Doch kann Charlie (grandios: Harry Gilby) diese Freude nicht ganz teilen. Klar, Fußball ist cool, doch ist da noch etwas, worüber Charlie mit keiner Person sprechen kann. Das ist etwas in ihm. Nämlich die echte Charlie. Charlie ist ein Mädchen, kein Junge. Mehr und mehr distanziert Charlie sich, widerspricht den Eltern Paul (Scott Williams) und Susan (Patricia Potter), verschlechtert sich in der Schule, will den Fußball aufgeben, zieht sich immer mehr in sich zurück.

Das richtige Leben…

Als Charlie etwa für eine Hochzeit einen Anzug zu tragen hat, ist ihr das Unbehagen nicht nur anzusehen, nein im Film Einfach Charlie von Rebekah Fortune überträgt sich dieses auf uns Zuschauer*innen. Wie Charlie am Kragen zerrt, den Ärmeln nestelt, sich windet. Bis sie aus der Hochzeitsgesellschaft ausbricht, losrennt in den Wald, zu ihrem Versteck. Hier hat sie ein paar der aussortierten Kleider ihrer Schwester Eve (Elinor Machen-Fortune) deponiert. Kaum aus dem falschen Anzug befreit und ein Kleid übergestreift, ist Charlie ganz bei sich.

Noch sein ganzer Stolz: Charlie und Vater Paul // © Salzgeber

Dies allerdings sieht auch der Fußballtrainer Mick (Peter Machen) — und uns schwant Böses. Was vollkommen unnötig ist, denn gerade dieser soll sich als eine der ersten Personen erweisen, die Charlie sowohl Hilfestellung als auch den einen oder anderen, wenn auch verklausulierten, guten Rat zu geben versucht. Im Gegensatz zu einem überforderten, auch recht egoistischen Vater, als der herausfindet, dass sein Sohn doch eigentlich seine Tochter ist.

…im falschen Körper…

In diesen Momenten glänzt der von Peter Machen geschriebene Film ohne Ende. Das Bedrückende, Gedrungene und Hektische, wenn Charlie ein Junge sein muss. Das Befreite, Helle und Ruhige wenn sie sie sein kann und darf. Eine Stelle, in der sie ein Bad nimmt, sich rasiert, umzieht, schminkt, wird auch dank der Bilder von Karl Clarke in Erinnerung bleiben. Dies allerdings auch durch den Bruch, als Papa reinkommt und „his little boy“ in diesem für ihn unnormalen Aufzug vorfindet und recht handgreiflich wird. 

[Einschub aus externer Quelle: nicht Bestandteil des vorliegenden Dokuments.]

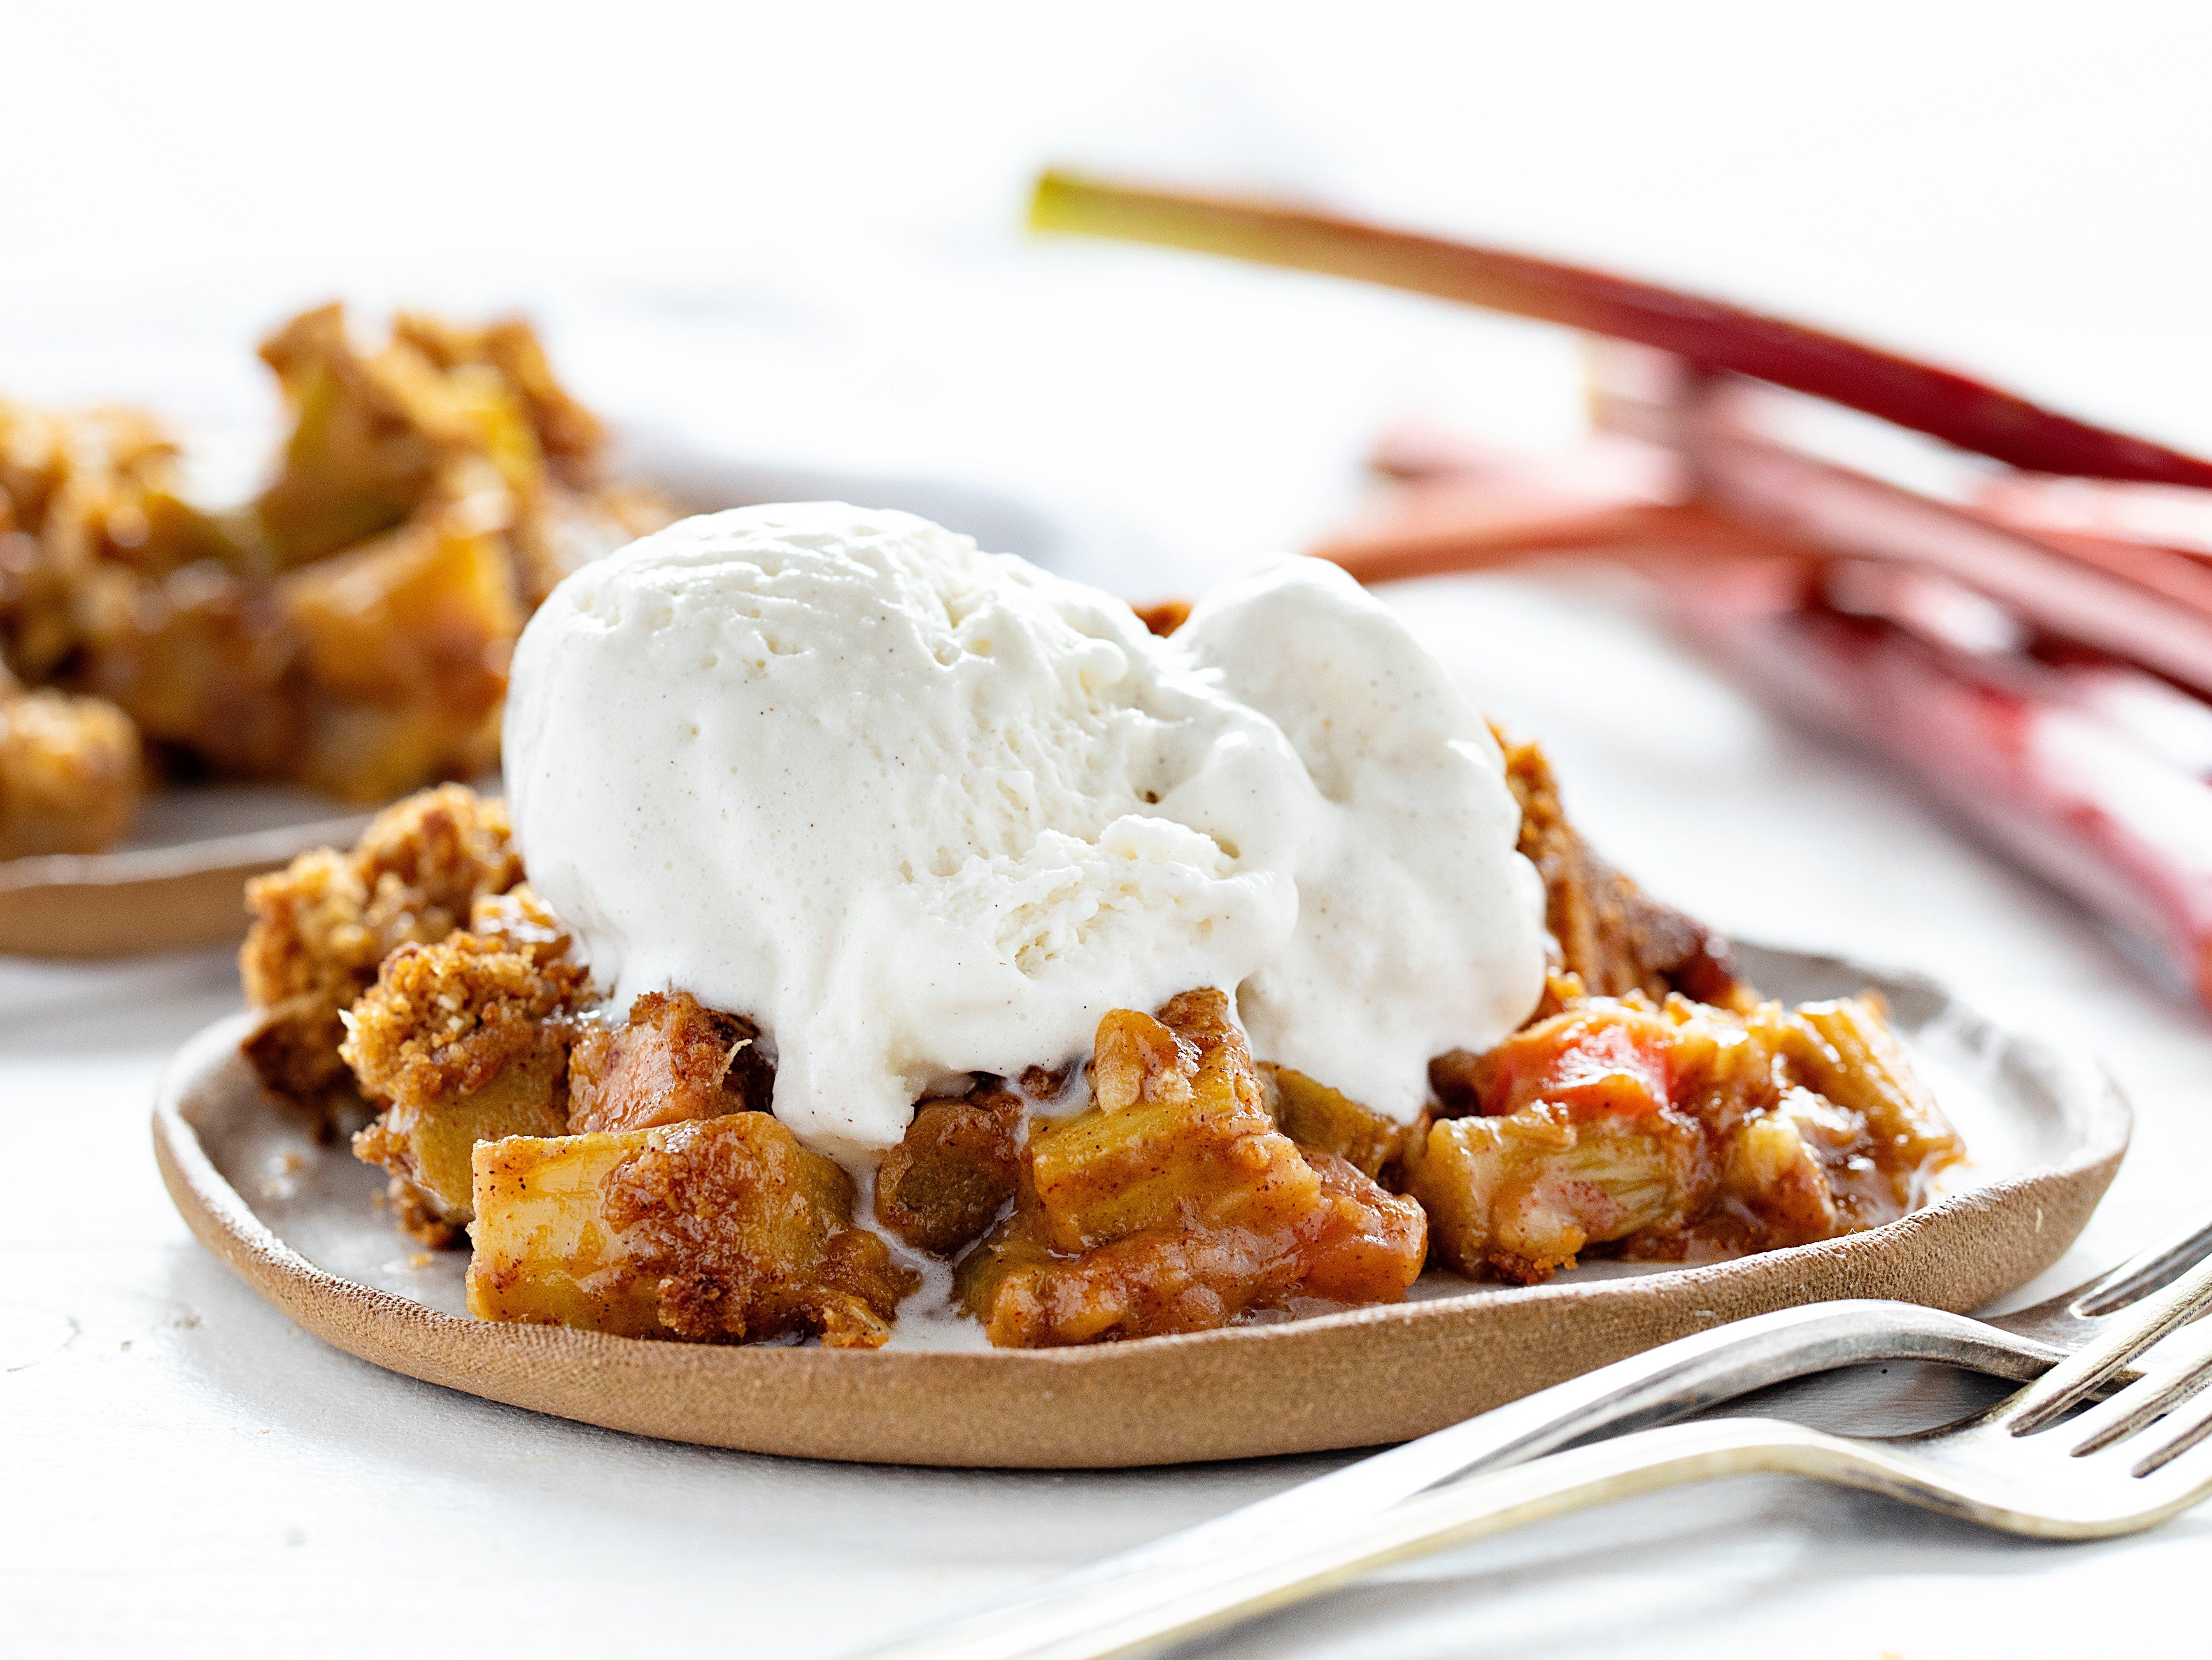 Grandma's Rhubarb Crisp

Schwester Eve // © Salzgeber

Immerhin ist es an dieser Stelle — bzw. kurz danach — raus. Nun beginnt das Austarieren. Mutter Susan und Schwester Eve unterstützen Charlie so gut es geht; der vormals beste Freund Tommy (Travis Blake Hall) distanziert sich, wurde zuletzt aber auch von Charlie gemieden. In Ort und Schule scheiden sich die Geister. Für die einen ist sie ein Freak, eine olle Transe, ein Mann in Kleidern. Für andere ist Charlie eben einfach Charlie. 

…ist unmöglich

Durchaus schafft der Film es recht gut, neben einer charmanten und einfühlsamen Erzählweise, den Zuschauer*innen verschiedene Stufen nahezubringen, die auch das Umfeld durchläuft. Wenn Schwester Eve sich etwa darüber informiert, was genau das mit Charlie sein kann; wenn es in einem Beratungsgespräch (und einer großartigen Szene) darum geht, dass Charlie Pubertätsblocker möchte, schon immer wusste, dass da die echte Charlie ist und Mutter Susan daneben sitzt und das erste Mal ihre zweite Tochter bewusst wahrnimmt; wenn eine vormalige Freundin von geistiger Krankheit spricht und meint, Charlie würde „seine“ Meinung noch ändern und Eve sie entsprechend zurechtweist; wenn Vater Paul sich bei Trainer Mick darüber beklagt, wie Charlie all dies der Familie antun kann und der nur erwidert: „Ich glaube nicht, dass Charlie euch das antut.“

Charlie und Mutter Susan, die nun erfährt, wer ihre Tochter ist // © Salzgeber

Einfach Charlie steckt voller solcher Momente, die auch dabei helfen „aufzuklären“ ohne zu belehren. Der Ton ist meist der Richtige. Der Film changiert zwischen Leichtigkeit und leichtem Drama, ist größtenteils eine gelungene Mischung aus Coming-of-Age– und Coming-out-Geschichte. Es gibt Konflikte, aber nicht alles ist Konflikt. Die Welt ist hier nicht schwarz/weiß. Insofern irritieren die letzten zehn Minuten stark, die so gar nicht zum Rest des Films passen wollen und vermutlich noch einmal für einen MelodramaThrill-Moment sorgen sollen.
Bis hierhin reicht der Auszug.